Norton Rose Fulbright’s senior knowledge lawyer Andrew Sheftel explains why
The Attorney General and the Advocate General for Scotland are seeking a declaration from the Supreme Court as to whether the Scottish parliament’s UK Withdrawal from the European Union (Legal Continuity) (Scotland) Bill is within the competence of the devolved administration.
The issue arose in response to the publication of the European Union (Withdrawal) Bill in July of last year. The Bill’s starting point was that post-Brexit, the devolved administrations cannot legislate to amend retained EU-derived laws, unless the laws in question would have been within the competence of the devolved administration prior to the UK’s departure from the EU. The Bill proposed a number of consequential amendments to existing devolution legislation to reflect this position.
However, there was criticism from the devolved administrations that the EU (Withdrawal) Bill, as drafted, did not in fact return powers within areas of devolved competencies from the EU to them. Following the failure by the UK government and the Scottish parliament to reach an agreement as to the wording of the EU (Withdrawal) Bill in relation to devolution issues, the Scottish parliament introduced the legislation which is now under challenge.
It should be noted that the UK government initially sought the same declaration from the Supreme Court in relation to the Welsh Assembly’s corresponding law derived from the European Union (Wales) Bill. However, agreement was subsequently reached between the UK government and the Welsh Assembly, which reassured the Assembly that areas currently devolved will remain devolved after Brexit.
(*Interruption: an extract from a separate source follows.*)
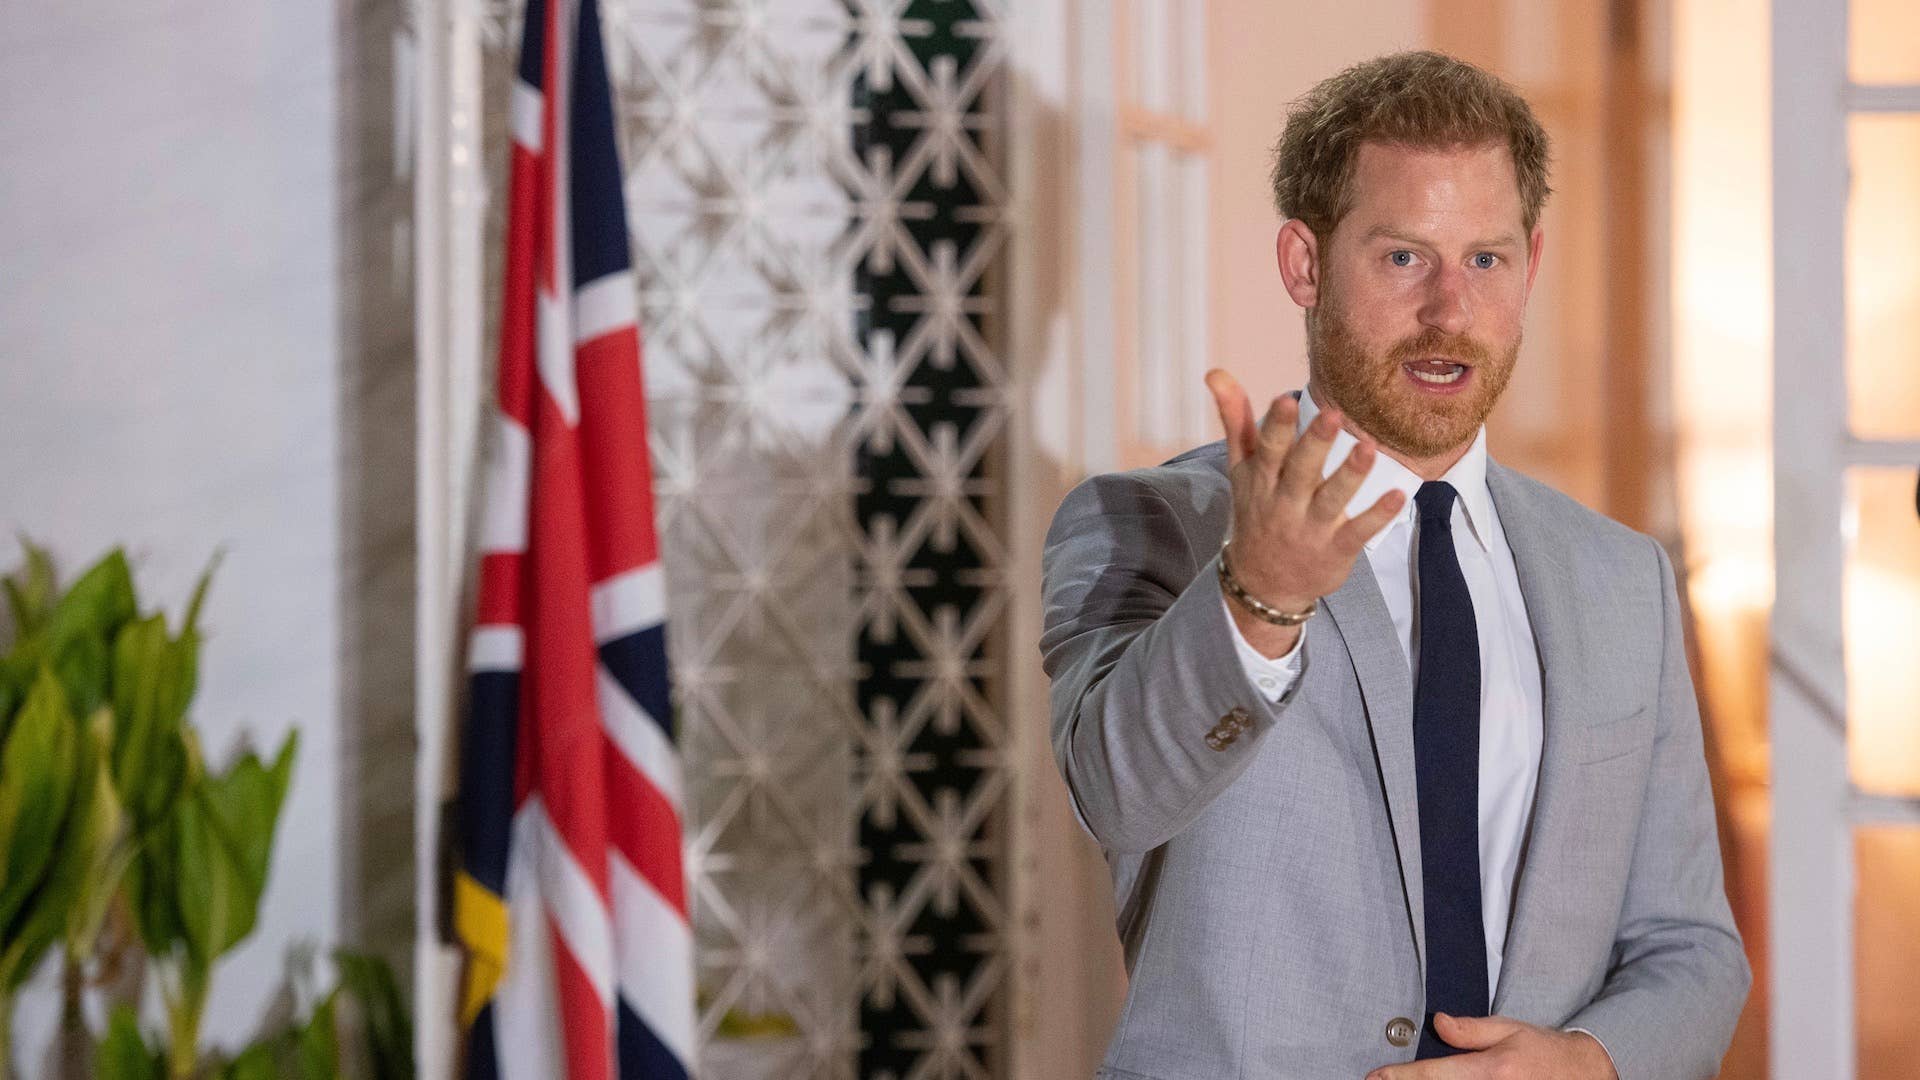 Prince Harry, Duke of Sussex delivers a speech during a reception on day five of the royal tour of Africa

Accordingly, the Welsh legislation is no longer challenged by the UK government and has since passed into law.
Returning to the Scottish Continuity Bill, according to the executive summary published by the Scottish parliament, “The [Scottish] Bill has been introduced following disagreement between the UK and Scottish governments over the content of the European Union (Withdrawal) Bill (EUWB)… in the event that the Scottish parliament does not give consent to the EUWB, it is possible the UK government may wish to remove the devolution related clauses from the Bill or, alternatively, may proceed with the EUWB without consent. If the UK government chose to remove the devolution related clauses, it could leave Scots law unprepared for the UK’s departure from the EU. In order to address that eventuality, the Scottish government has chosen to introduce the UK Withdrawal from the European Union (Legal Continuity) (Scotland) Bill.”
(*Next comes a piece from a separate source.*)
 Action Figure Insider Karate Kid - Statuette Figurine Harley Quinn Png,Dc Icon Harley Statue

The Scottish Continuity Bill seeks to pre-empt problems in the continued functioning of laws in Scotland following Brexit. By way of example, according to the Scottish parliament’s executive summary, “The purpose of the [Legal Continuity] Bill is to ensure that when the UK leaves the European Union, Scots law continues to function seamlessly without any interruptions or gaps”. To achieve this it: “retains in domestic law EU law currently operating in devolved areas; gives the Scottish ministers the powers needed to ensure that devolved law continues to operate effectively after UK withdrawal; and gives the Scottish ministers the power to, where appropriate, ensure that Scotland’s devolved laws keeps pace after UK withdrawal with developments in EU law.”
To a certain extent, this largely mirrors the EU (Withdrawal) Bill (now the EU (Withdrawal) Act), which is not surprising given that both pieces of legislation are intended to provide continuity of the law on the day the UK leaves the EU. The Scottish government argue that this should mean there is consistency in the way the Scottish devolved and reserved law is dealt with.
However, there are some differences in the approach of the Scottish Continuity Bill and the EU (Withdrawal) Act, which is why the proposed legislation is the subject of challenge by the UK government. For example, section 13 of the Bill provides powers to Scottish ministers to make regulations to ensure that Scots law in devolved areas can continue to maintain consistency with EU law after Brexit, where appropriate. It also gives greater powers to the Scottish ministers than in the EU (Withdrawal) Act, by allowing them to amend retained (devolved) direct EU legislation. Further, section 17 of the Bill provides that the UK government must first obtain the consent of the Scottish ministers before they make, confirm or approve secondary legislation relating to devolved matters which modifies any retained (devolved) EU law.
The European Union (Withdrawal) Act received royal assent on 26 June 2018. Although the UK government agreed amendments on questions of devolution in light of the agreement with the Welsh Assembly, such amendments were not sufficient to prevent the Scottish government’s continued opposition to the Act.
So far as the UK government is concerned, the referral to the Supreme Court is necessary to avoid uncertainty. Accordingly, for the second time since the EU referendum, the Supreme Court will be called upon to consider important questions of constitutional law.
The matter is due to be heard tomorrow (24 July) until 25 July 2018 before a panel of seven justices.